The data below should be printed in full, exactly, and without any of its images.

[Given information — start]

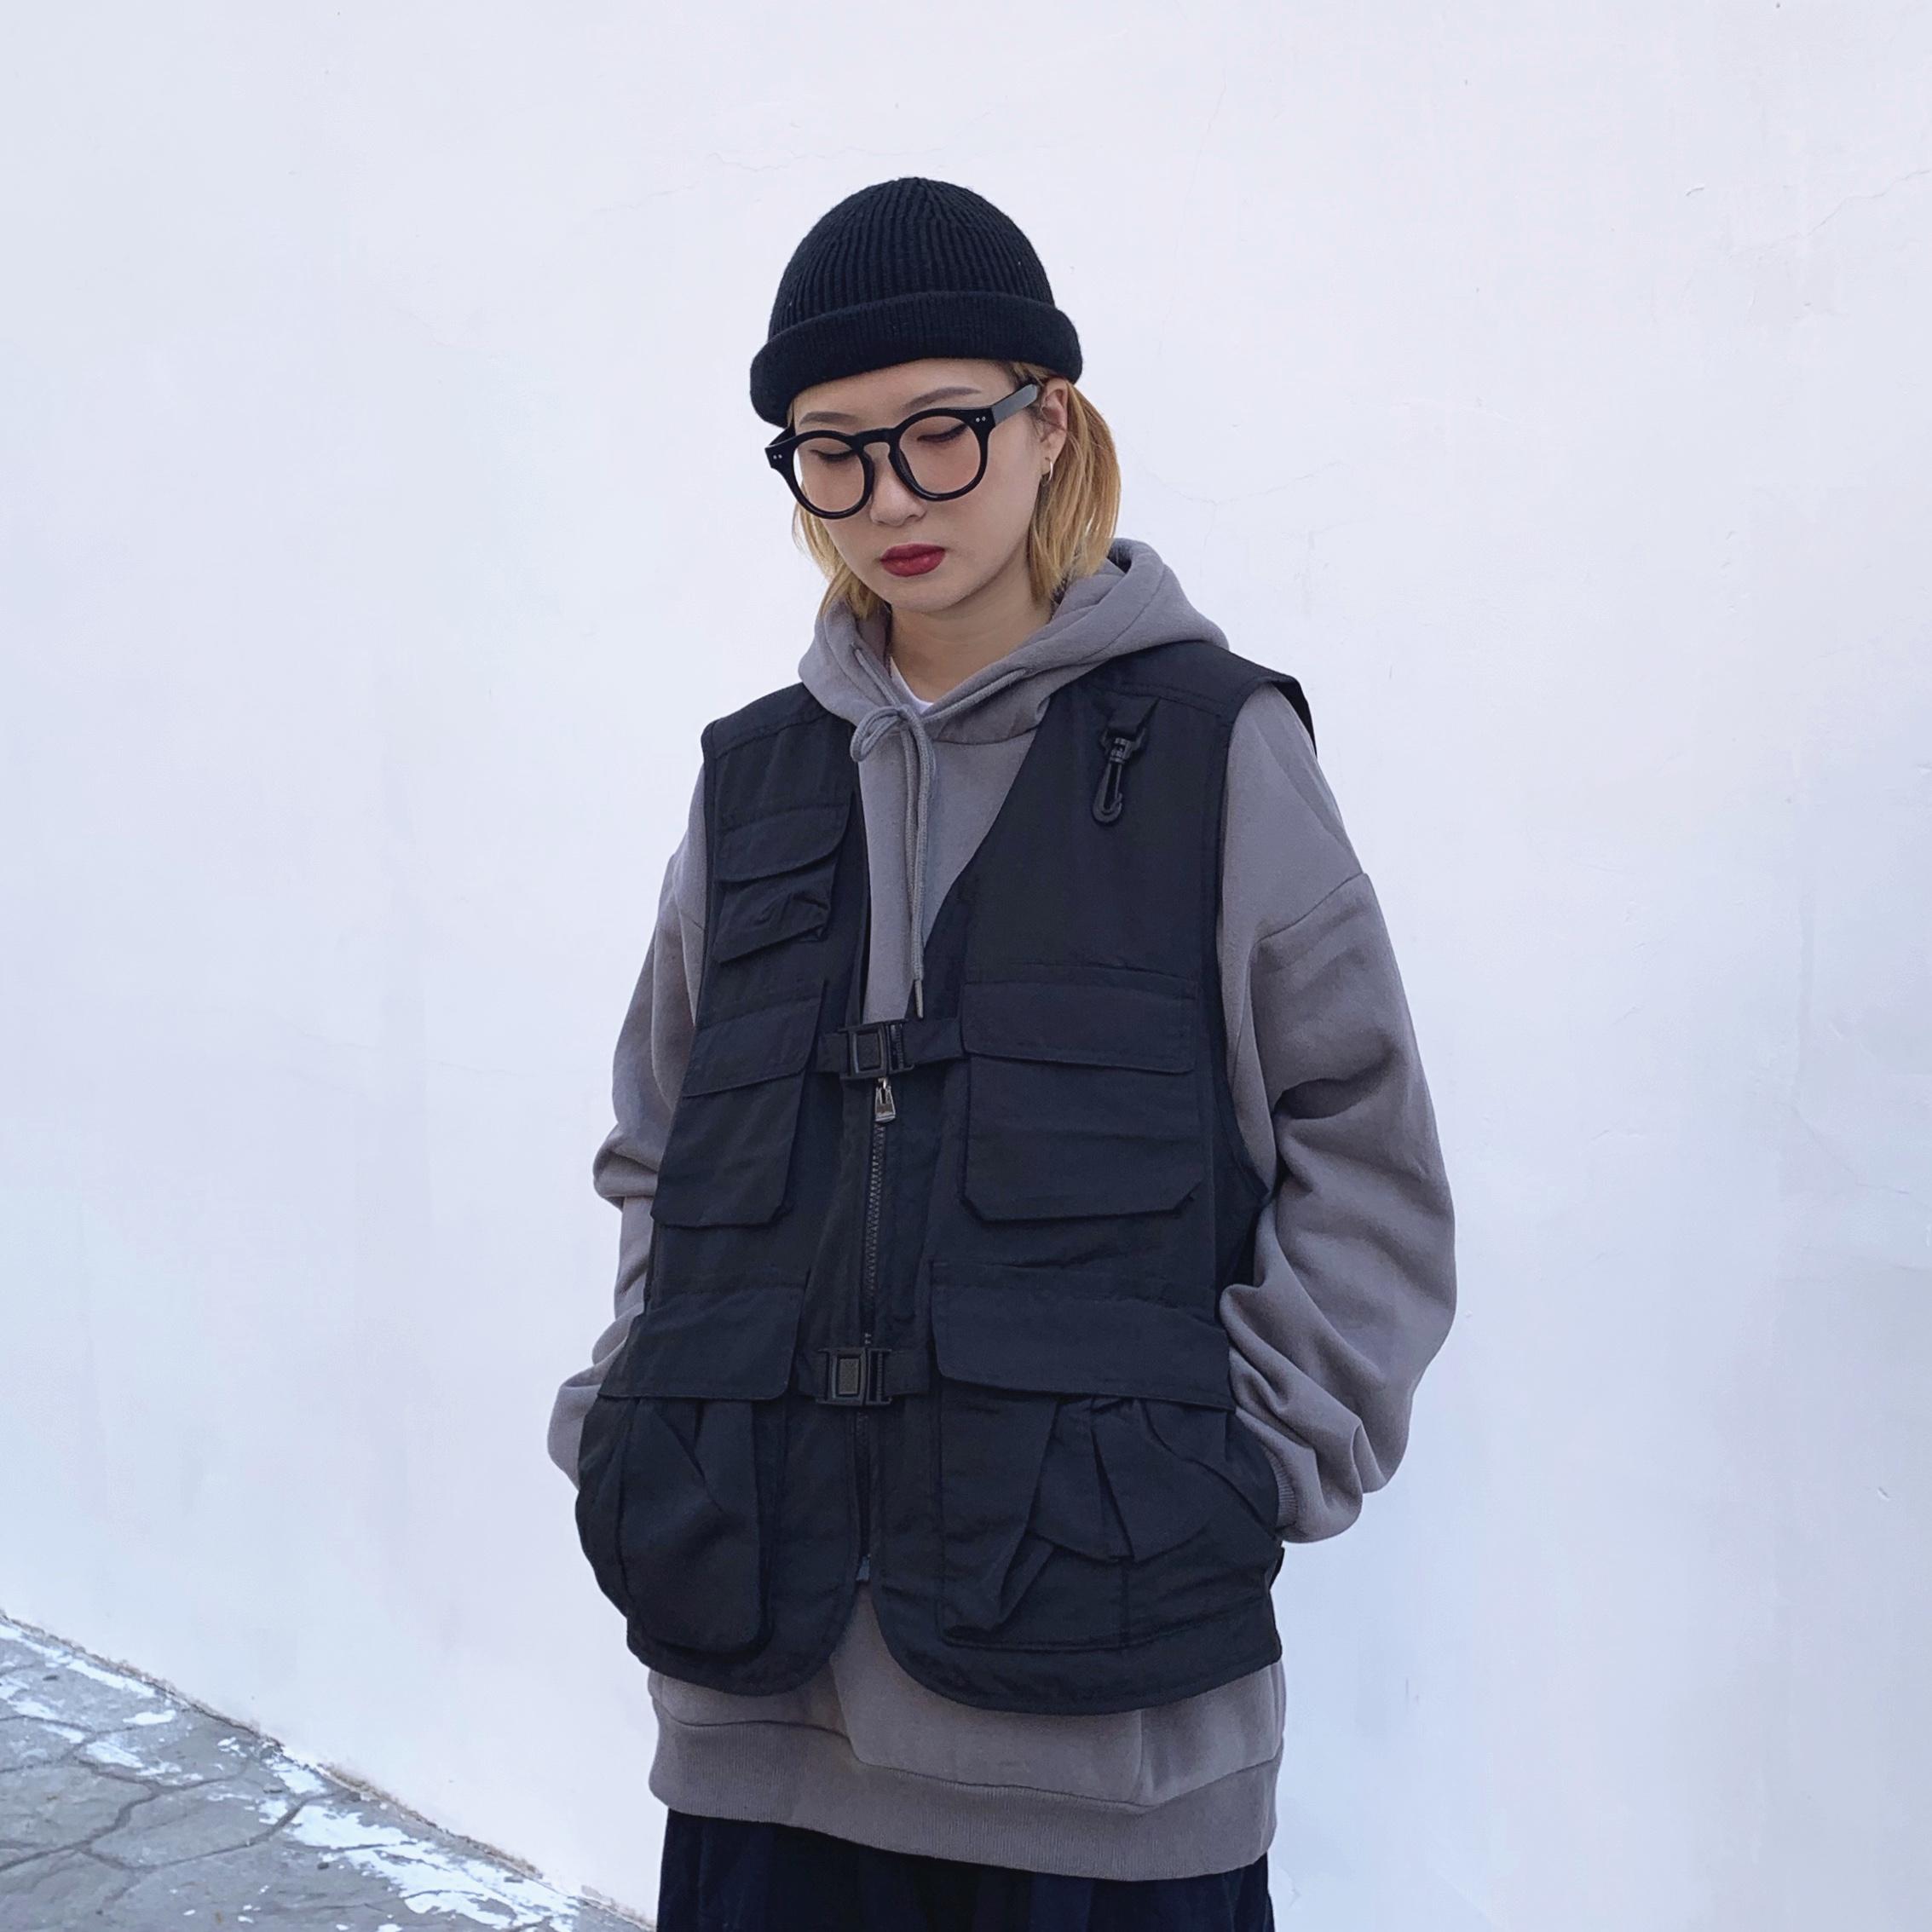 WHOOPSHOP FOLIECITY 19SS 战术男女潮牌多功能口袋工装马甲
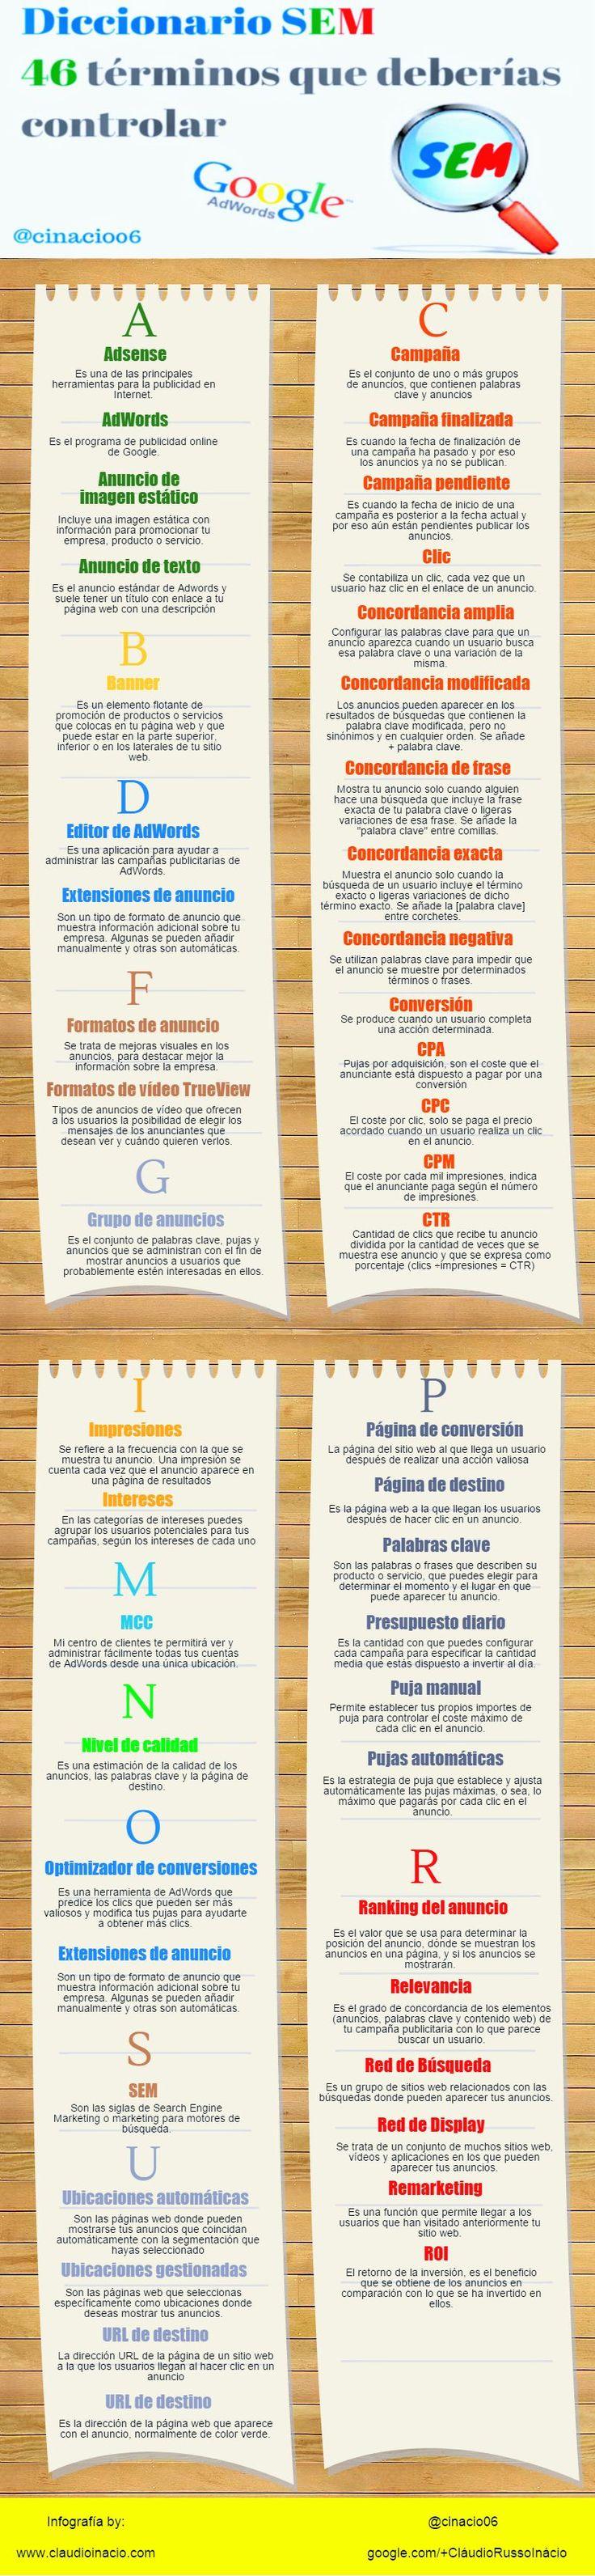 Un diccionario SEM, en formato de infografía, con todos los términos que debemos conocer en relación a la mercadotecnia en internet.
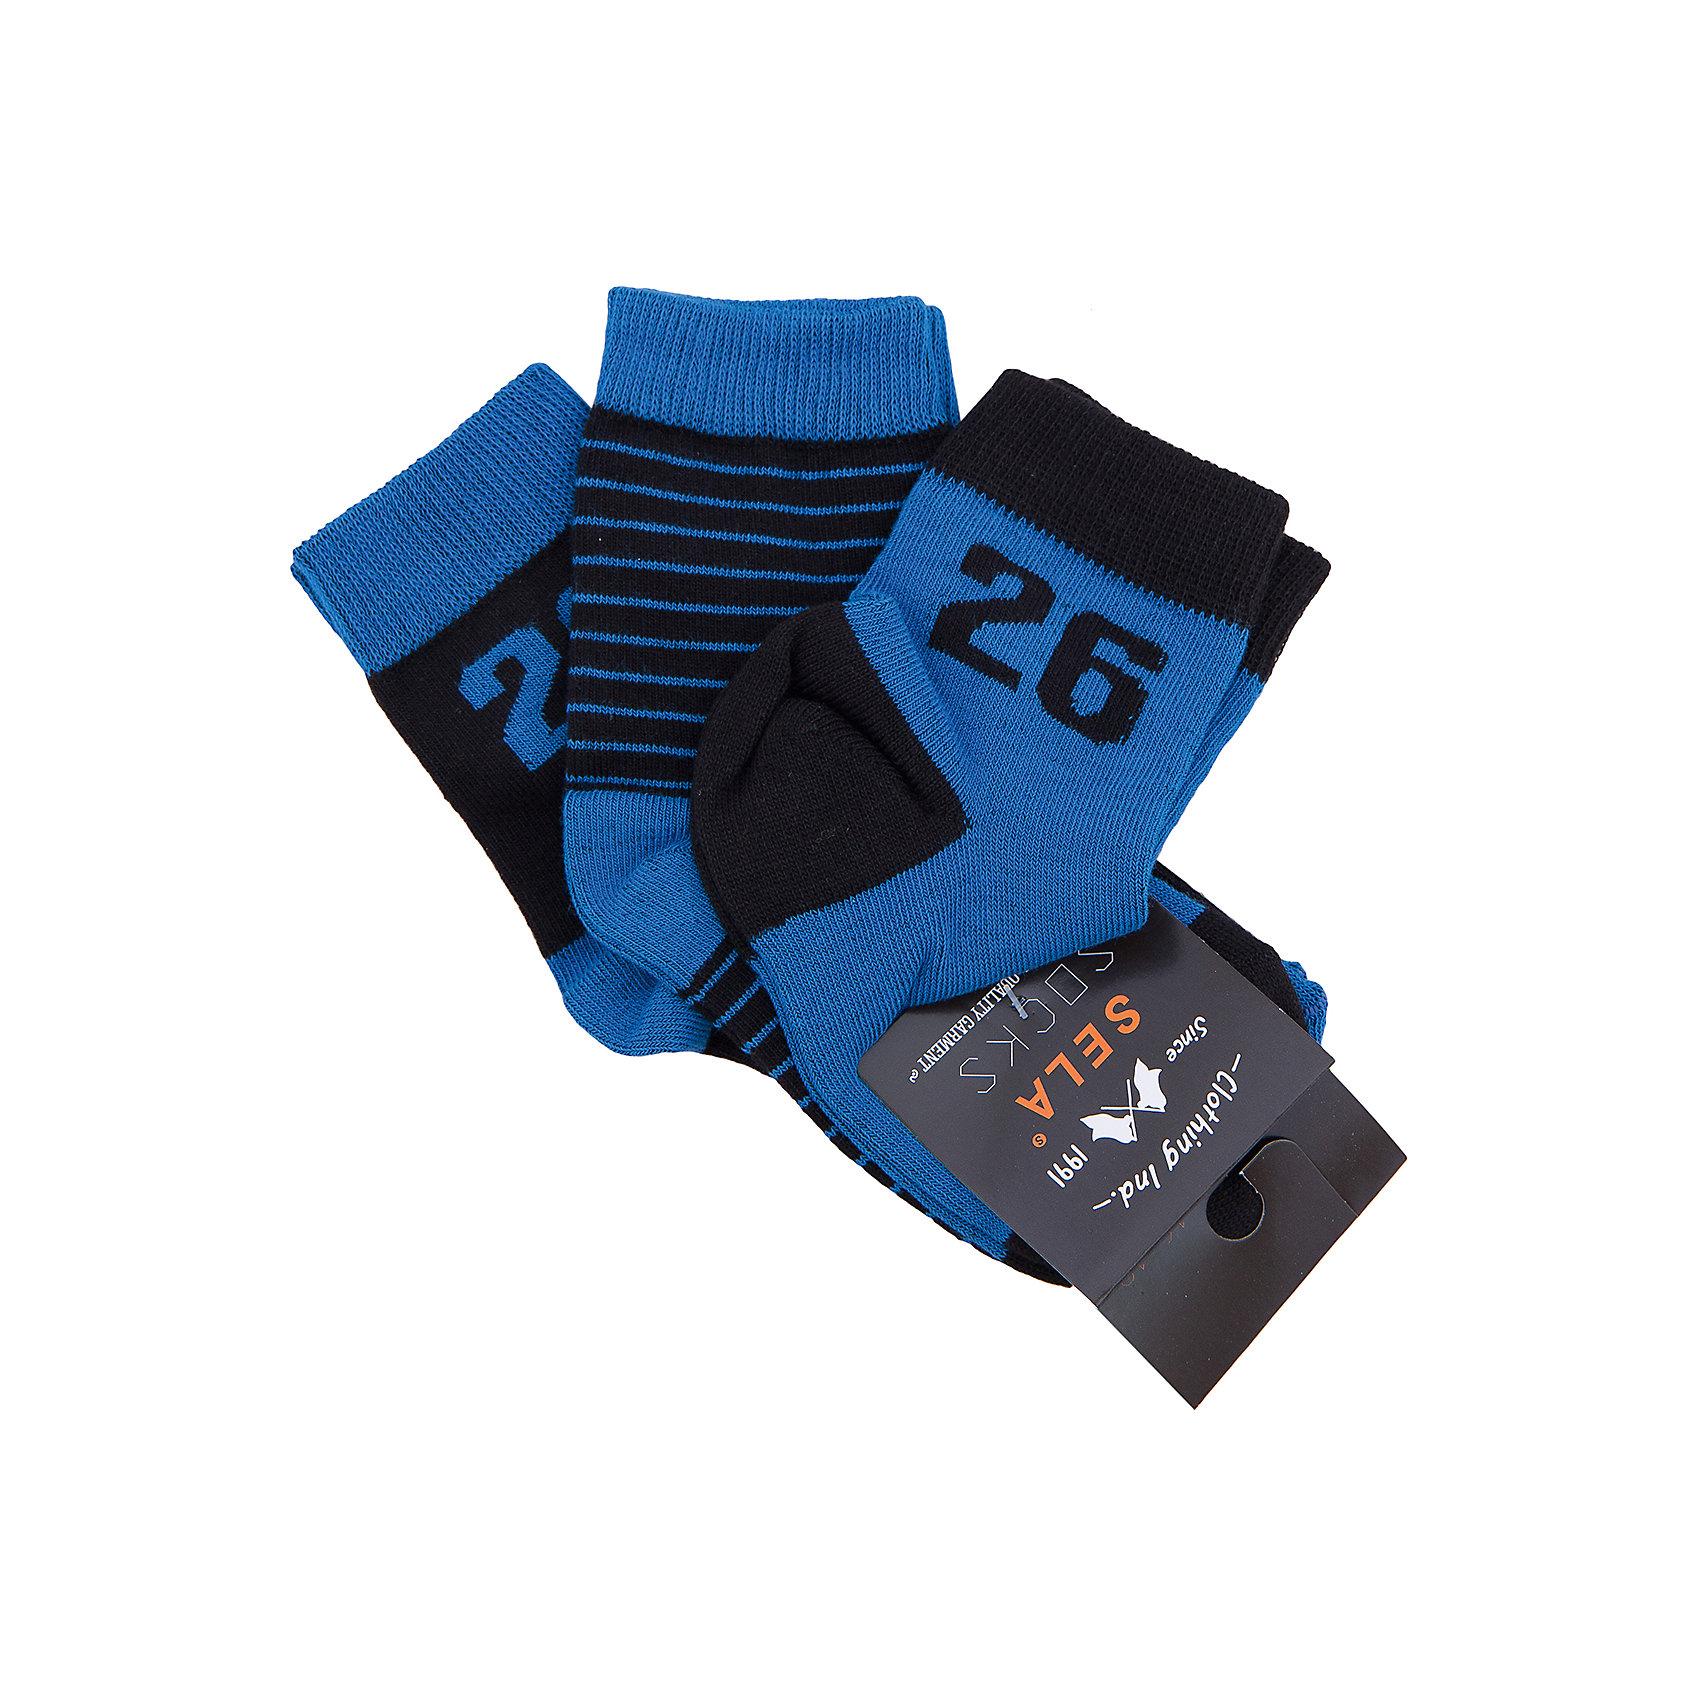 Носки  для мальчика, 3 пары SELAНоски<br>Носки для мальчика от известной марки SELА помогут согреть ноги ребенка. Удобный крой и качественный материал обеспечат мальчику комфорт при ношении этой вещи. <br>По верху изделия идет мягкая широкая резинка. Цвет - универсальный, очень практичный. В наборе - три пары носков различной расцветки, но в одной цветовой гамме.<br><br>Дополнительная информация:<br><br>материал: 74% хлопок, 22% ПЭ, 2% ПА, 2% эластан;<br>цвет: серый;<br>комплектация - 3 пары;<br>мягкая широкая резинка;<br>уход за изделием: стирка в машине при температуре до 30°С, не отбеливать, гладить при низкой температуре.<br><br>Носки для мальчика от бренда SELА (Села) можно купить в нашем магазине.<br><br>Ширина мм: 87<br>Глубина мм: 10<br>Высота мм: 105<br>Вес г: 115<br>Цвет: голубой<br>Возраст от месяцев: 60<br>Возраст до месяцев: 72<br>Пол: Мужской<br>Возраст: Детский<br>Размер: 20,14,16,18<br>SKU: 4740997

[Given information — finish]

■ **Solution**
 WHOOPSHOP FOLIECITY 19SS 战术男女潮牌多功能口袋工装马甲
 Un diccionario SEM, en formato de infografía, con todos los términos que debemos conocer en relación a la mercadotecnia en internet.
 Носки  для мальчика, 3 пары SELAНоски<br>Носки для мальчика от известной марки SELА помогут согреть ноги ребенка. Удобный крой и качественный материал обеспечат мальчику комфорт при ношении этой вещи. <br>По верху изделия идет мягкая широкая резинка. Цвет - универсальный, очень практичный. В наборе - три пары носков различной расцветки, но в одной цветовой гамме.<br><br>Дополнительная информация:<br><br>материал: 74% хлопок, 22% ПЭ, 2% ПА, 2% эластан;<br>цвет: серый;<br>комплектация - 3 пары;<br>мягкая широкая резинка;<br>уход за изделием: стирка в машине при температуре до 30°С, не отбеливать, гладить при низкой температуре.<br><br>Носки для мальчика от бренда SELА (Села) можно купить в нашем магазине.<br><br>Ширина мм: 87<br>Глубина мм: 10<br>Высота мм: 105<br>Вес г: 115<br>Цвет: голубой<br>Возраст от месяцев: 60<br>Возраст до месяцев: 72<br>Пол: Мужской<br>Возраст: Детский<br>Размер: 20,14,16,18<br>SKU: 4740997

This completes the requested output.